Including online accounts and digital assets in your will

16 June 2021

Although technology plays a huge part in most people's lives, very few people consider their digital assets when making a will. Research carried out by the Law Society earlier this year found that 93% of people hadn't included any digital assets in their will. At the same time, only 7% of people fully understood what would happen to their digital assets when they die.

Planning ahead and providing details of online accounts and digital assets can save a significant amount of time and trouble for your loved ones in the future.

Without suitable access, your loved ones may be unable to remove or update social media accounts. Of far greater concern is the risk that these social media accounts could be hacked. Also, if the people dealing with your estate aren't aware of your digital assets, these might not go to the people you have chosen.

Many of us also keep contact information online. This may add to the administrative burden for the people dealing with your estate as they try to find your beneficiaries.

Making a digital legacy

During Probate, many people will experience some or all of the above problems with managing online accounts. This is why it's becoming increasingly common to construct a digital legacy at the same time as writing your will.

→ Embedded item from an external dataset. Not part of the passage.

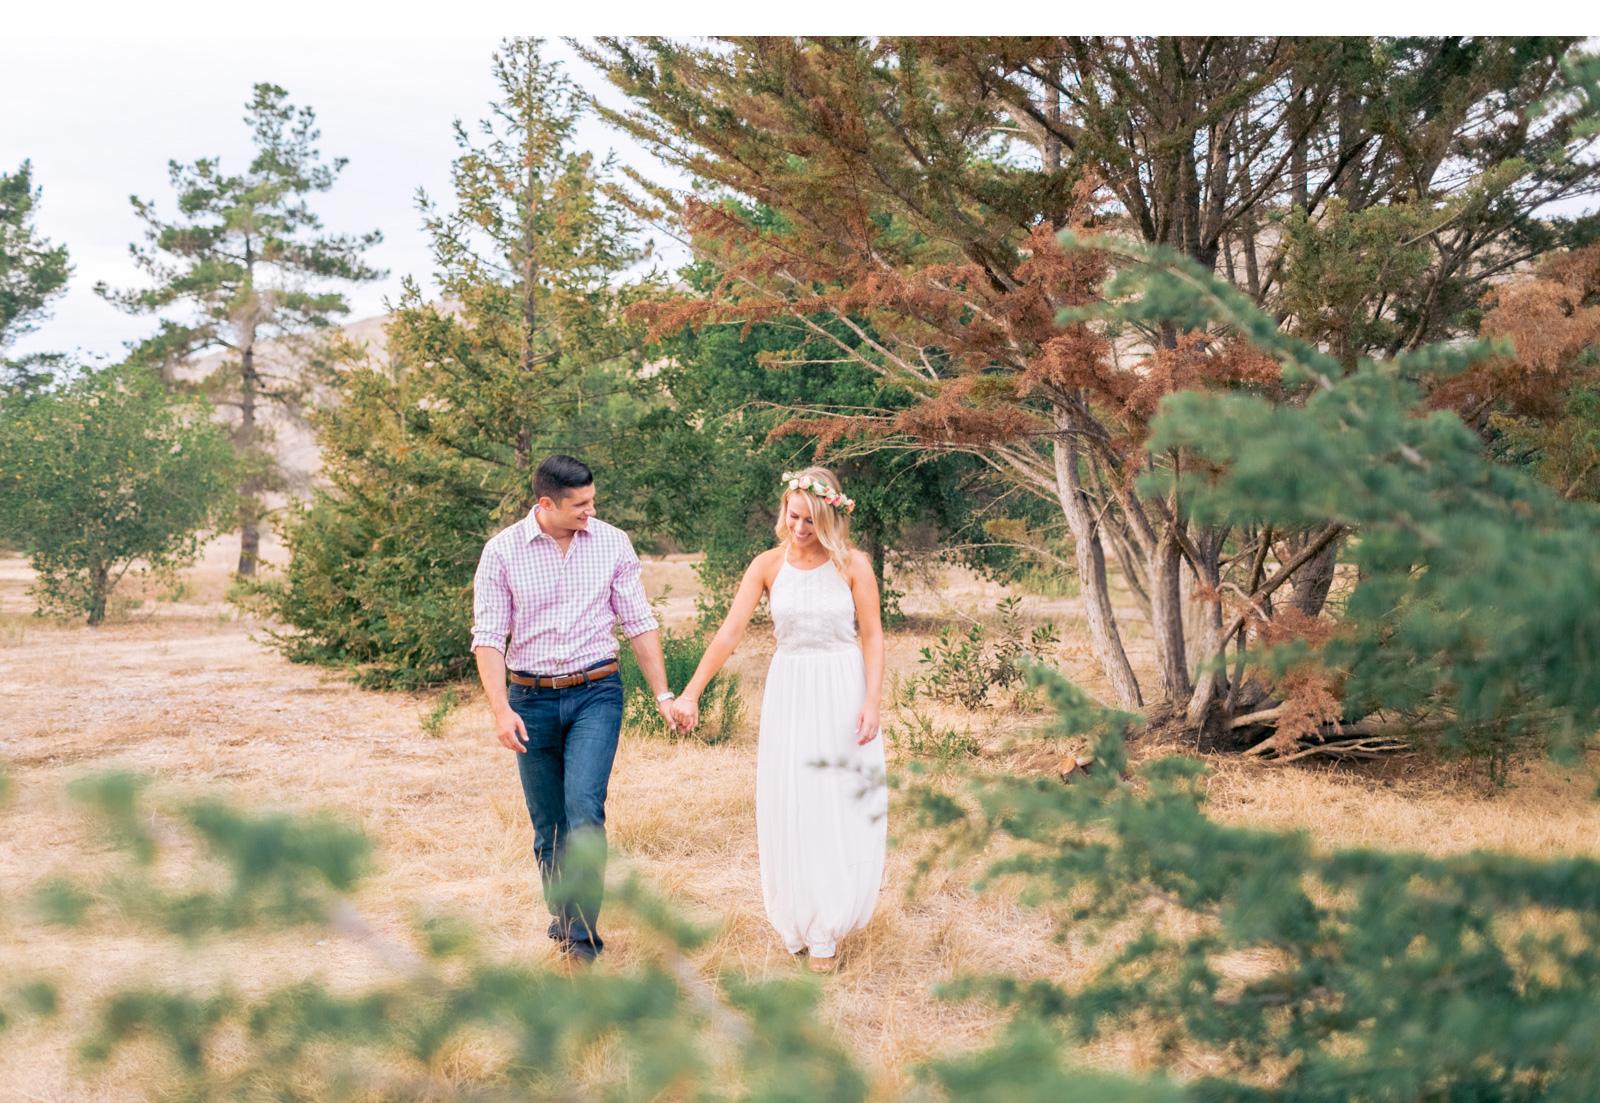 Natalie-Schutt-Photography---Long-Beach-Wedding-Photographer-_05.jpg

It is important to know how to deal with online information, because it cannot be included in the will itself. This is because a will may become a public document upon the death of its writer. Including financial or account information in the will could clearly cause all manner of security problems. Instead, you can write a letter detailing what digital assets you own.

This should not include online banking login details. You should not provide user names, passwords or security question answers for any of your online accounts. The digital legacy should include which social media accounts you have but, again, you should not provide log-in details; Facebook now offers an option to memorialise an account, so that all photos and memories remain there but it's more secure from hackers.

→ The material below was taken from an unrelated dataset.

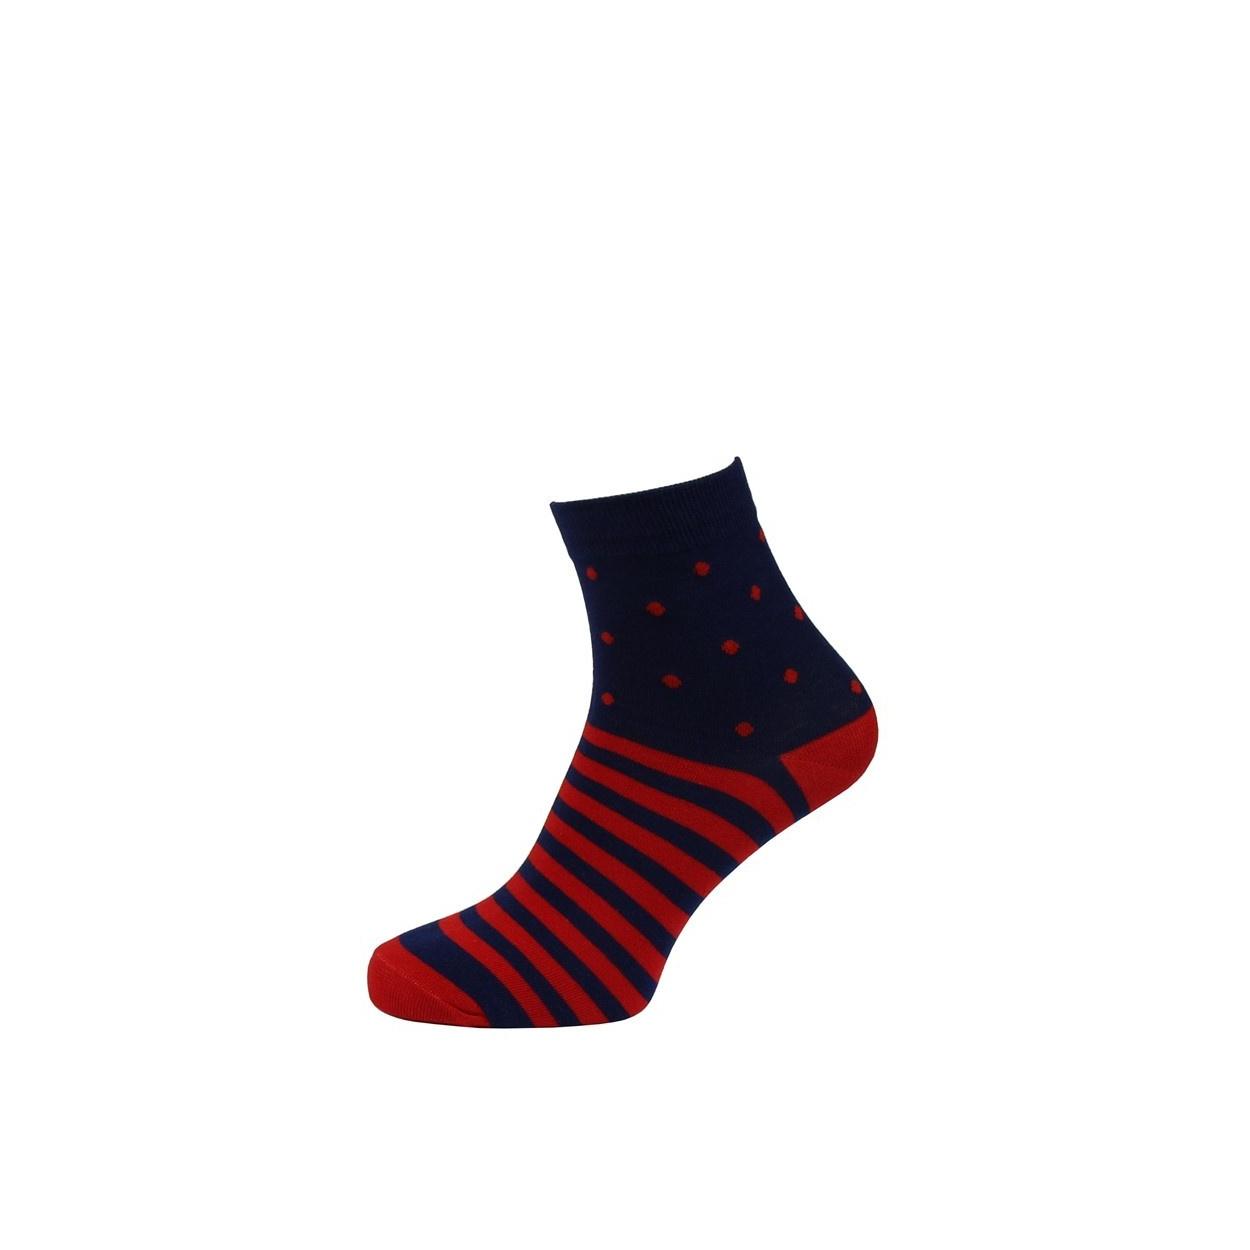 Tmavě modré pánské ponožky s červenými pruhy a puntíky

Most of us also store information and photographs online. These may be lost unless you ensure that somebody else is aware that they exist and where they are located. Most cloud storage is secure and personal to you, so your loved ones will need to contact the companies managing these accounts in order to try and gain access to these. Most platforms have their own policies and processes in place, but it may be that ownership of music files for example is provided by license to the account holder. This means that only the account holder has the right to listen to the music during their lifetime so it cannot be passed on to anyone else after death.

The majority of utility services and phone contracts are now managed online, so you will need to list the companies with which you hold accounts. This will allow your personal representatives to make contact and to arrange for the accounts to be closed.

However, it will be of little value unless your personal representatives know where to find it. Given the sensitive nature of the information it will contain, it is a good idea to store this list in a secure location, possibly alongside your will.